💼Vector Store

What is a Vector Database?

In the context of BeyondLLM (Retrieval Augmented Generation), a vector database plays a crucial role in efficiently storing and managing vector embeddings generated from your text data. These embeddings capture the semantic meaning and relationships within the text, enabling rapid retrieval of relevant information based on user queries.

Vector databases are optimized for similarity search, making them essential for effective RAG applications.
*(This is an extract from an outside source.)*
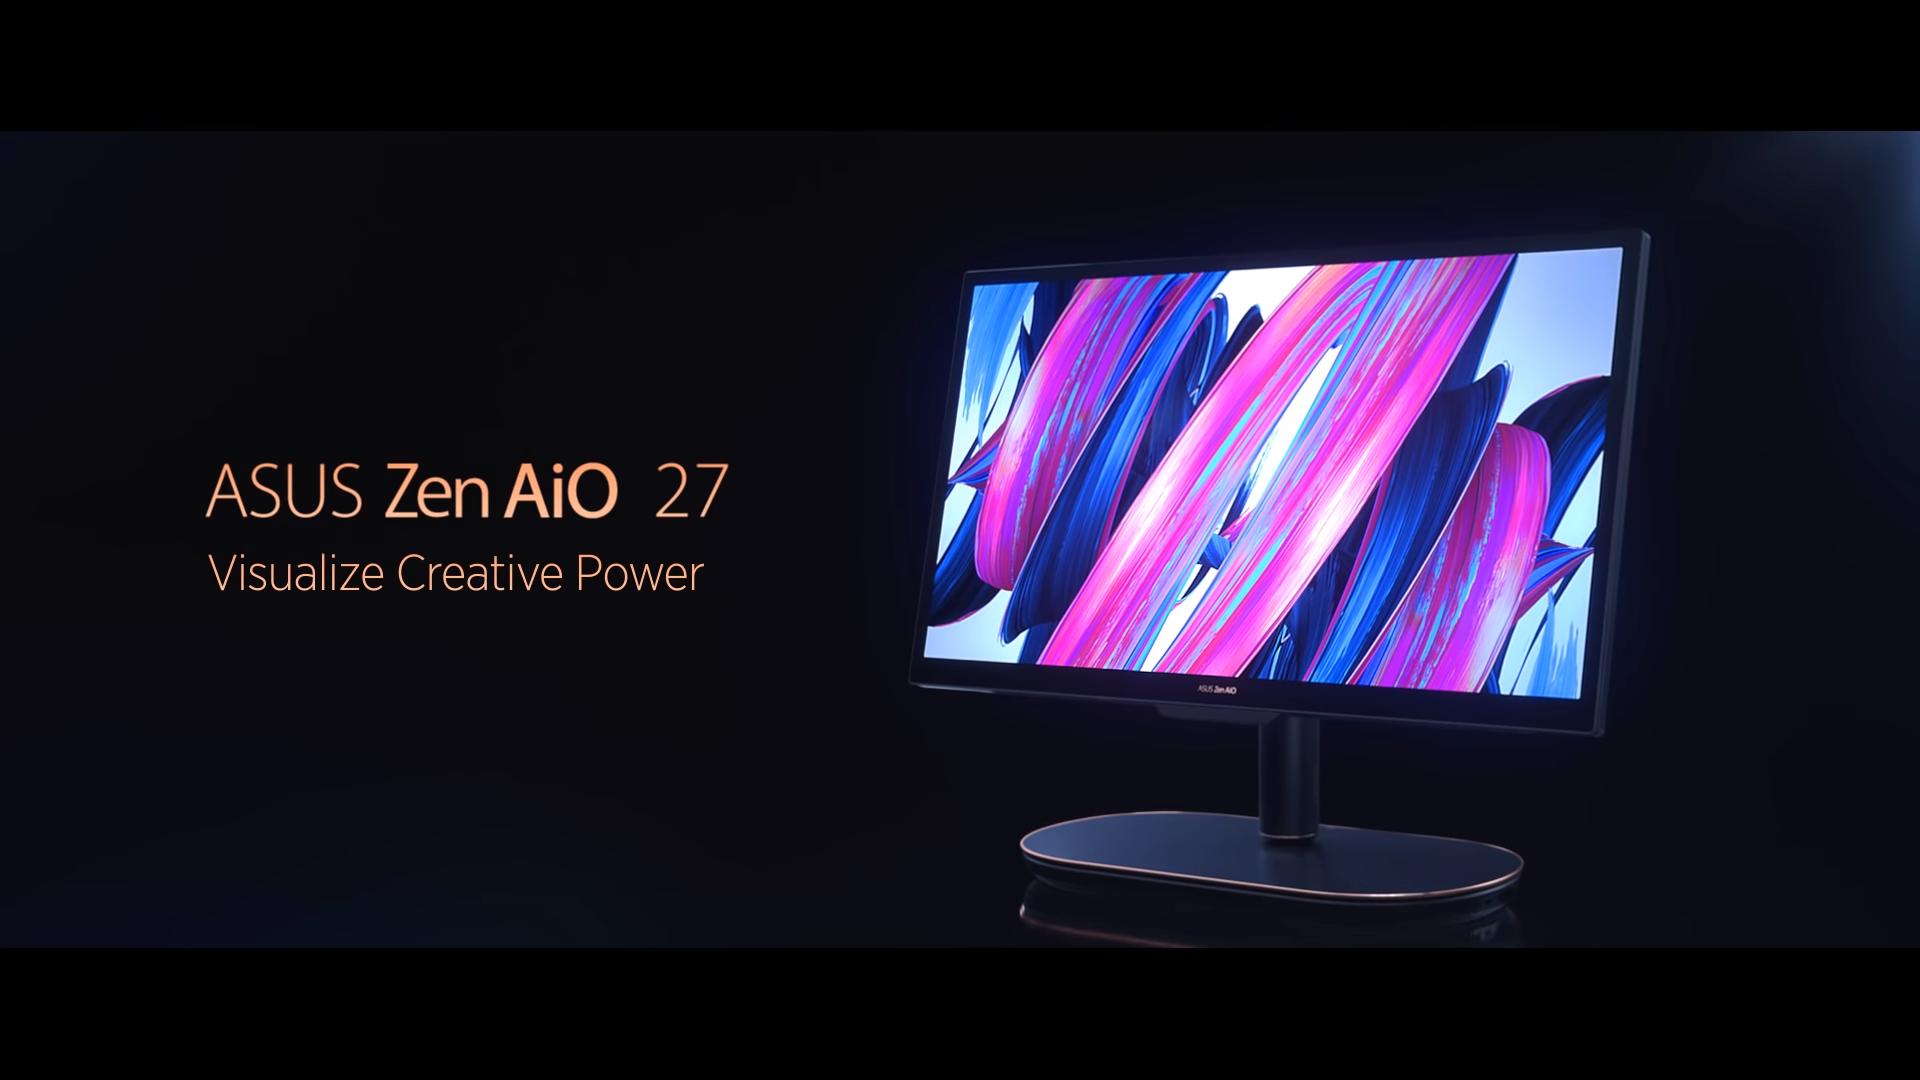 کامپیوتر آل این وان 27 Asus Zen AiO رونمایی شد

Available Vector Databases are:

1. Chroma

BeyondLLM currently integrates with Chroma, a powerful and purpose-built vector database designed for high-performance similarity search and efficient management of vector embeddings.

Parameters for ChromaVectorDb:

  • collection_name (required): Specifies the name of the collection within Chroma to store your embeddings. This helps organize and manage different sets of embeddings within the database.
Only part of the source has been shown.